[Records provided — start]

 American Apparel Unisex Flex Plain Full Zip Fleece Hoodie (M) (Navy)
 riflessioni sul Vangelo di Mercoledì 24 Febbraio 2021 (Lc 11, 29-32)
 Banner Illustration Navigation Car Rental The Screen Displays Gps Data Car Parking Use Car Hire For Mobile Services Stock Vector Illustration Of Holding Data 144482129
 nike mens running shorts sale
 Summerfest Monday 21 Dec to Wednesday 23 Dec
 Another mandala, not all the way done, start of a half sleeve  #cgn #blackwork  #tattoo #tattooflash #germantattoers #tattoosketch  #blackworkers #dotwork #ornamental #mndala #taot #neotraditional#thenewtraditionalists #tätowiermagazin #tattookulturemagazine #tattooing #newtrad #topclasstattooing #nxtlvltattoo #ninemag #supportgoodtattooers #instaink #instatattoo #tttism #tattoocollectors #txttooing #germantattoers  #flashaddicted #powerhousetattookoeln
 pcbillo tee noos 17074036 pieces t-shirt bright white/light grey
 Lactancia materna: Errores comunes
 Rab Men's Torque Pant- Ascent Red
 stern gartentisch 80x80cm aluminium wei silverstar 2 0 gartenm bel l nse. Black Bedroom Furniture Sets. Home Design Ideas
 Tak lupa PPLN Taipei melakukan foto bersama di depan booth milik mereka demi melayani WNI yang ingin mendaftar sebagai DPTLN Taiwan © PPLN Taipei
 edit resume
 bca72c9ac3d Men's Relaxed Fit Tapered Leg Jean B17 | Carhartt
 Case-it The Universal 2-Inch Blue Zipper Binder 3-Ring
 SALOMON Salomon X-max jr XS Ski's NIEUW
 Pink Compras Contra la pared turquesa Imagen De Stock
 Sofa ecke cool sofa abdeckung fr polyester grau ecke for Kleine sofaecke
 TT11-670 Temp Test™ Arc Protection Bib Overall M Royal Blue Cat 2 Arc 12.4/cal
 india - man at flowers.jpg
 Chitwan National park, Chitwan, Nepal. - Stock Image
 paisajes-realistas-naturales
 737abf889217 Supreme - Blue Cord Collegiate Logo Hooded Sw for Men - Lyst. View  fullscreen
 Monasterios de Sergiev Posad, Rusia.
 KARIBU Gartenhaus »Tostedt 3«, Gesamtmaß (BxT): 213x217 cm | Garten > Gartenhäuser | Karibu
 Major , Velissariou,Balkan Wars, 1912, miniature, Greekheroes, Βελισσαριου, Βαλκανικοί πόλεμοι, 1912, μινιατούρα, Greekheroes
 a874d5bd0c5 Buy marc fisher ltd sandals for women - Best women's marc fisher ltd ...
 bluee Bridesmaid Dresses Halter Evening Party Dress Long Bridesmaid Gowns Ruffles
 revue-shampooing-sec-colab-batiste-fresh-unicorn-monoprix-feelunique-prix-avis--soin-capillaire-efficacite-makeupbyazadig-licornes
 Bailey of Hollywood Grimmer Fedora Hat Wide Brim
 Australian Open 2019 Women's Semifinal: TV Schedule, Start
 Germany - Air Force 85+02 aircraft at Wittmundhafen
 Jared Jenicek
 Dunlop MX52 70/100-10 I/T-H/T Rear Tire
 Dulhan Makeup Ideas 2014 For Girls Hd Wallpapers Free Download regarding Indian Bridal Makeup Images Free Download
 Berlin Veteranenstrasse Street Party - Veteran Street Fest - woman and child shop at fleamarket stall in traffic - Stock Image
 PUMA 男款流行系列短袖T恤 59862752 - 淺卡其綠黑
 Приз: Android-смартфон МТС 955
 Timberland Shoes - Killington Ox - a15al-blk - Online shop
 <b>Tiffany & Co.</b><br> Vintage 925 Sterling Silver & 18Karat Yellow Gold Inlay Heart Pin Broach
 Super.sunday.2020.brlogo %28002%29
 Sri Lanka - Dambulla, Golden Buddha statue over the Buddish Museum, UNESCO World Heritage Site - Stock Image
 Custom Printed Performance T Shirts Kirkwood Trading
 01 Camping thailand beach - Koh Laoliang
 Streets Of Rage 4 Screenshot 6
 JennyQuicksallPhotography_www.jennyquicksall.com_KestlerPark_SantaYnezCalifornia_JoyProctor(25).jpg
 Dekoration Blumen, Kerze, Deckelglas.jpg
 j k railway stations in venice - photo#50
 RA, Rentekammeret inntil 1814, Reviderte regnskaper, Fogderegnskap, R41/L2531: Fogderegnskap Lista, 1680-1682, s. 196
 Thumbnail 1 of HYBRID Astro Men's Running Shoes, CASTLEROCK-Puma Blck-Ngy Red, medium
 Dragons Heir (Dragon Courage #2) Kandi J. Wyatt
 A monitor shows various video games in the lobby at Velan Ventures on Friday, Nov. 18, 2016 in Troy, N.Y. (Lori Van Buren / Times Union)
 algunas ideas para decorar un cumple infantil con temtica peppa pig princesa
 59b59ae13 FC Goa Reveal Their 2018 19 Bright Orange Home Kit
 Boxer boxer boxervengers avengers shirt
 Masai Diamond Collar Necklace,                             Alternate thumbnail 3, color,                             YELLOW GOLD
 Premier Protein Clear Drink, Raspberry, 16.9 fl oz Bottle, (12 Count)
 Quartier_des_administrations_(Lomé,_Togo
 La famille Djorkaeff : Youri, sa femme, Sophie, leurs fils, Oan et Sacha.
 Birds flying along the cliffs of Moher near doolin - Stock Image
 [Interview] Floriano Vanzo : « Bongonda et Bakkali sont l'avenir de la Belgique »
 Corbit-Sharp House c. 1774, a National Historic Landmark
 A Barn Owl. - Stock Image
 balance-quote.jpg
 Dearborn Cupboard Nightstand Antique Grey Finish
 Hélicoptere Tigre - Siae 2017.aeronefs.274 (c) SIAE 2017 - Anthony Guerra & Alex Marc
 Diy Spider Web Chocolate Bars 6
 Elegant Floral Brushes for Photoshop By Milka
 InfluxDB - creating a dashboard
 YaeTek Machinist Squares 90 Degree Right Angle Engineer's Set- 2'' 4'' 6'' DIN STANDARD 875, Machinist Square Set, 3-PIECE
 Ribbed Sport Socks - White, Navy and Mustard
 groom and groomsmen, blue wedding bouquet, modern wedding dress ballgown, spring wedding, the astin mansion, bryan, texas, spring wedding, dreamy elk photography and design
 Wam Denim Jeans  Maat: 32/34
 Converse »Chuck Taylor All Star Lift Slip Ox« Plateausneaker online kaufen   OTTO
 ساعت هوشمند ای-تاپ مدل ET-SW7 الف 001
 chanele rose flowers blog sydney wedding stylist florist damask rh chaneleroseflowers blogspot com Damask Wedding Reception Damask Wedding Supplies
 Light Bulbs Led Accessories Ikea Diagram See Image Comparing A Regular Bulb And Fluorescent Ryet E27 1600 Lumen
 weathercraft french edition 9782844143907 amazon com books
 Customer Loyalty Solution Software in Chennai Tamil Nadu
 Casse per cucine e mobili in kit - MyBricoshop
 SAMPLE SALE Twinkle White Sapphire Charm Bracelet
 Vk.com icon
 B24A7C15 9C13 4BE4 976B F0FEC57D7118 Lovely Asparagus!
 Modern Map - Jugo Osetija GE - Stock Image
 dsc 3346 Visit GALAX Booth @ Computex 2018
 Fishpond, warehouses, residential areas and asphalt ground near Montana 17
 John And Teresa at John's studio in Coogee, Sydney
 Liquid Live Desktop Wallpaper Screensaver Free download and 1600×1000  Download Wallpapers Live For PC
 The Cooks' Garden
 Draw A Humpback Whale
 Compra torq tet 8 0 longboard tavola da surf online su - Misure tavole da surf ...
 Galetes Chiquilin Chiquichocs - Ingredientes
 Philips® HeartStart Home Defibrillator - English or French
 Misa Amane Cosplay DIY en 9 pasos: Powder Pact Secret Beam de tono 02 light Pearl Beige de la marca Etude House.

[Records provided — finish]

Your goal: From the line containing "B24A7C15 9C13 4BE4" through the last line of the records, output each line exactly and nothing more.

Exercise solution:
 B24A7C15 9C13 4BE4 976B F0FEC57D7118 Lovely Asparagus!
 Modern Map - Jugo Osetija GE - Stock Image
 dsc 3346 Visit GALAX Booth @ Computex 2018
 Fishpond, warehouses, residential areas and asphalt ground near Montana 17
 John And Teresa at John's studio in Coogee, Sydney
 Liquid Live Desktop Wallpaper Screensaver Free download and 1600×1000  Download Wallpapers Live For PC
 The Cooks' Garden
 Draw A Humpback Whale
 Compra torq tet 8 0 longboard tavola da surf online su - Misure tavole da surf ...
 Galetes Chiquilin Chiquichocs - Ingredientes
 Philips® HeartStart Home Defibrillator - English or French
 Misa Amane Cosplay DIY en 9 pasos: Powder Pact Secret Beam de tono 02 light Pearl Beige de la marca Etude House.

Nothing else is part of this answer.